Countdown to world press freedom day: no free press; no democracy
Seamus Dooley, Mrs Justice Susan Denham and Michelle Stanistreet - © NUJ
Professor Horgan, Séamus Dooley, Michelle Stanistreet, ChiefJustice Susan Denham, Kevin Bakhurst - © nuj
1 May 2014
The vital role of journalism in democratic society was stressed by the Mrs Justice Susan Denham, Chief Justice of Ireland, at an NUJ seminar held in Dublin to mark World Press Freedom Day.
She said the presence of the media in every court at every level, is vital not only to the rule of law – but to democracy itself.
"It is vital that the people have access to such proceedings via a vibrant and free media. That the media does so in such an excellent manner is well recognised, maybe not by all of us, all of the time, but by many of us most of the time"
She told the seminar, which included speakers Michelle Stanistreet, NUJ general secretary; Kevin Bakhurst, managing director RTÉ news and current affairs; Professor John Horgan, press ombudsman; and Séamus Dooley, Irish Secretary, that the media had a role in setting the political agenda and that it had huge importance in holding those in power to account.
"This is a great power - which comes with a great responsibility. Therefore, having a plurality of media, a plurality of voices, views, dissension, facts, experts, vox pops, voices, pictures, data, and sound and vision mixes in our media, is vital, if we are to make sense of the vortex of modern life."
In order to do this, journalism needed to work within an ethical frame, she said, going on to cite the NUJ's role:
"The strength of the ethics of the profession of journalism is supported by the Code of Conduct of the National Union of Journalists, and which greatly inform the Press Councils guidelines and code also. On this ethical foundation the necessary inquiring mind of a journalist - which leads to investigation where others will not go – may flourish, to the benefit of the public."
Michelle Stanistreet told the seminar that many journalists put their lives at risk when doing their job and that it was time the international community acted on the words they signed in international protocols, which said they would safeguard press freedom. The majority of journalists who are killed, harassed and intimidated are local journalists trying to report local news. But too often, the killers of journalists are not brought to justice.
"The IFJ has been gathering statistics for the last 15 years and every year it publishes on 1 January the list of journalists and media workers killed in the preceding 12months. 2013 was one of the bloodiest, with 105 journalists killed in 32 countries with Syria, Pakistan, Iraq, Philippines and India topping the list.

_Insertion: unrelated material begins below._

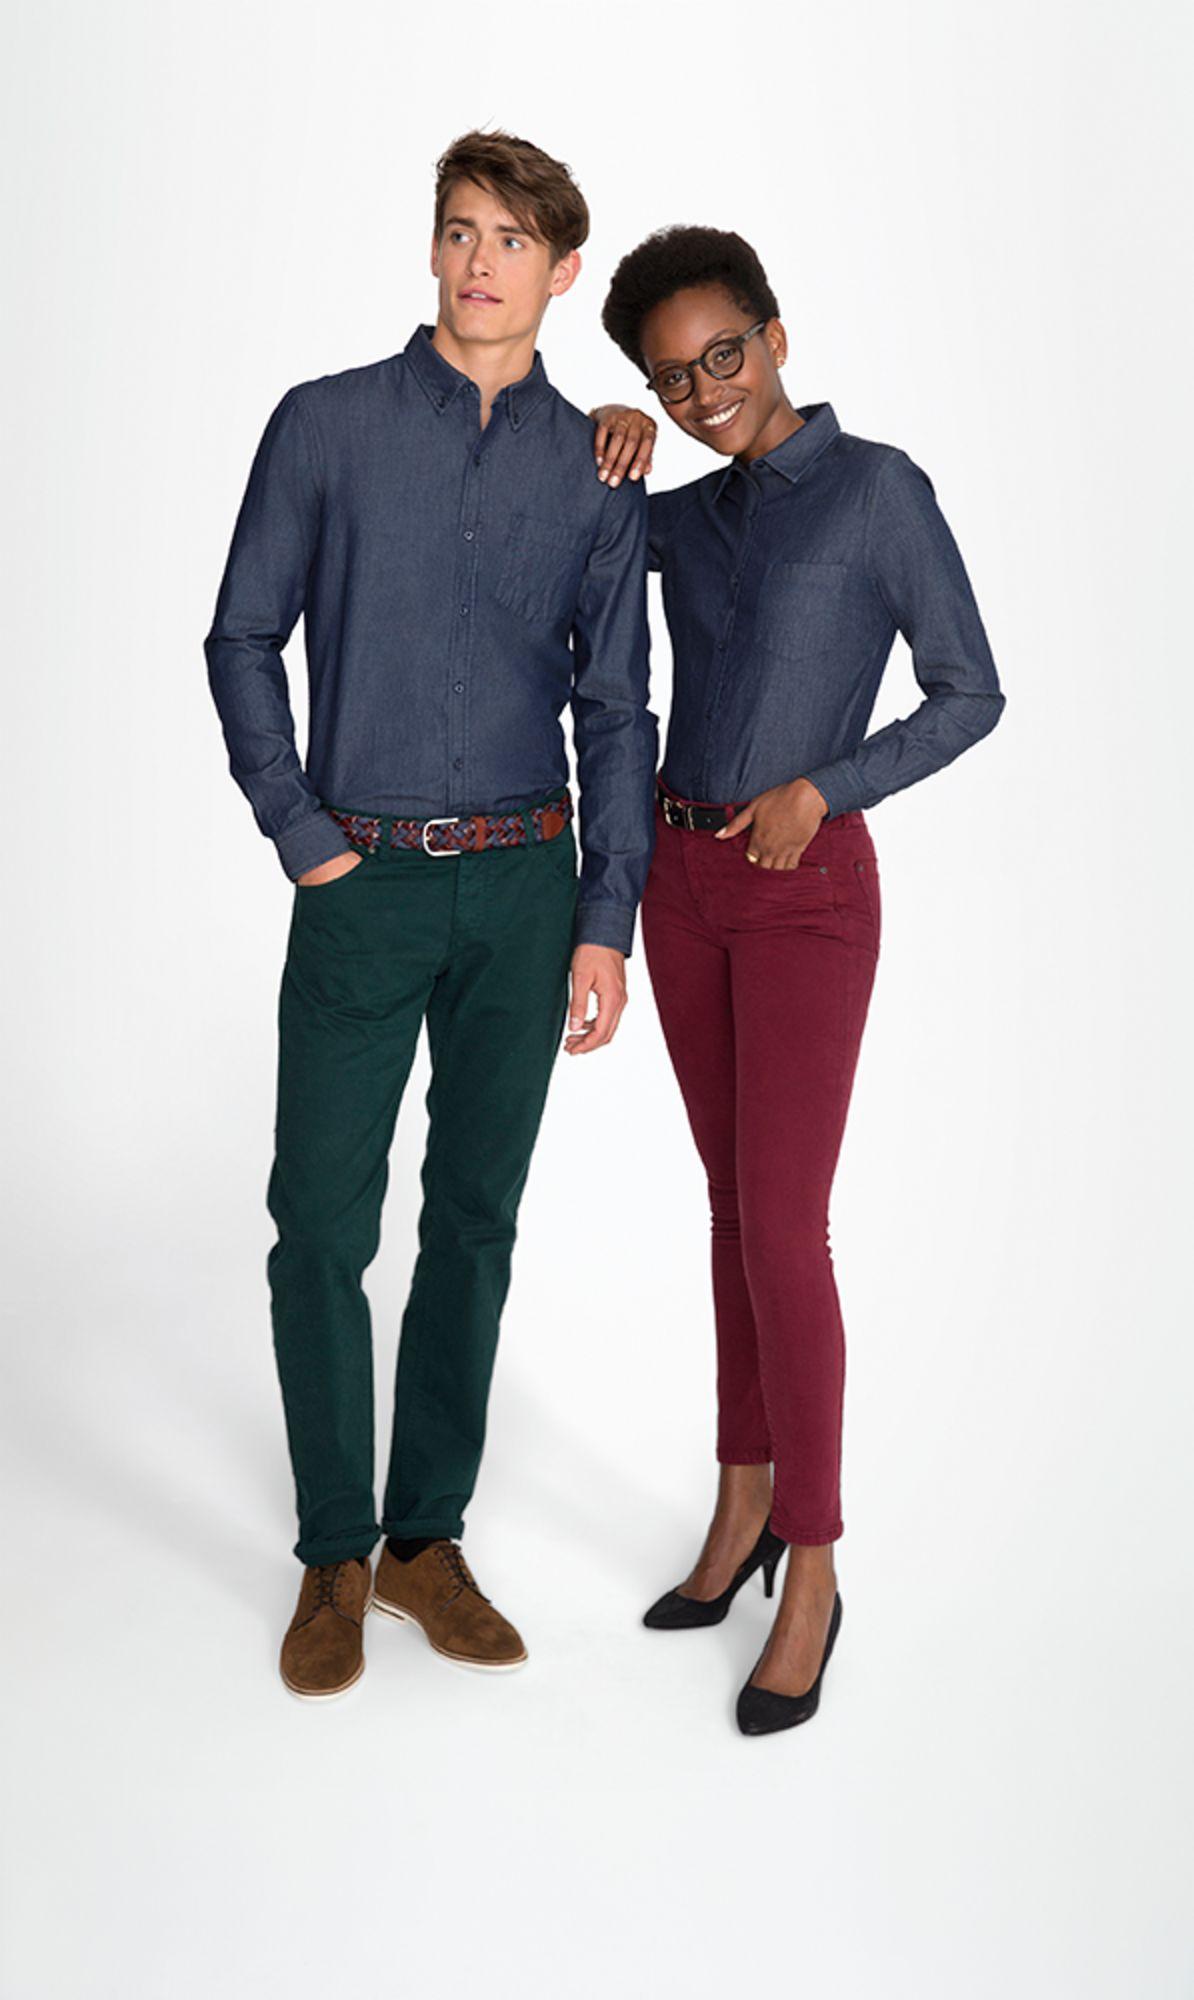 e459a1631208 Рубашка женская BARRY WOMEN | Офисные рубашки с фирменным логотипом

"From a trade union perspective, we know that the real solution to impunity is for governments to start rigorously applying their laws against murder to the killers of journalists. That would send the starkest of messages to those prepared to go to the ultimate and most extreme lengths to silence journalists, and the inevitable consequential threat to press freedom that fear and self-censorship creates in the societies we operate in."
Séamus Dooley, NUJ Irish Secretary, said there was much to celebrate in Irish journalism.
"Yes, we sometimes get it wrong but the standard of journalism in Ireland is extremely high and most professional practitioners operate within an ethical framework and are motivated by the public interest. The miracle of Irish journalism is, I would contend, the fact that journalists continue to succeed in breaking stories, in shining a light in dark corners, in the face of many adversities."
But, over the past five years, he said, there have been threats to the quality of Irish journalism and the ability for journalists to do their jobs from the slashing of as editorial budgets.This meant that often reporters are no longer able to cover the courts and council meetings, often having to rely on court and council officials to learn about developments.
Professor John Horgan, the press ombudsman who retires this year, discussed his role in the development of the regulation of the press and the balance that is needed between privacy and the press's right to know. He went on to say:
"Press freedom is typically understood to mean with freedom from state control. So far, so good. But perhaps it is also time to discuss the elephant in the room. This is the inescapable fact that, where the press is concerned, the power – the unacknowledged power - of the market is, if anything, greater than the power of the state, and that it is a power which needs to be seriously considered in any discussion of the freedom and the responsibility of the press."
He said the market can act as a censor of the press, "a permanent, sharp but invisible limitation on the power of the press which insufficiently scrutinised, by the press itself or by anyone else".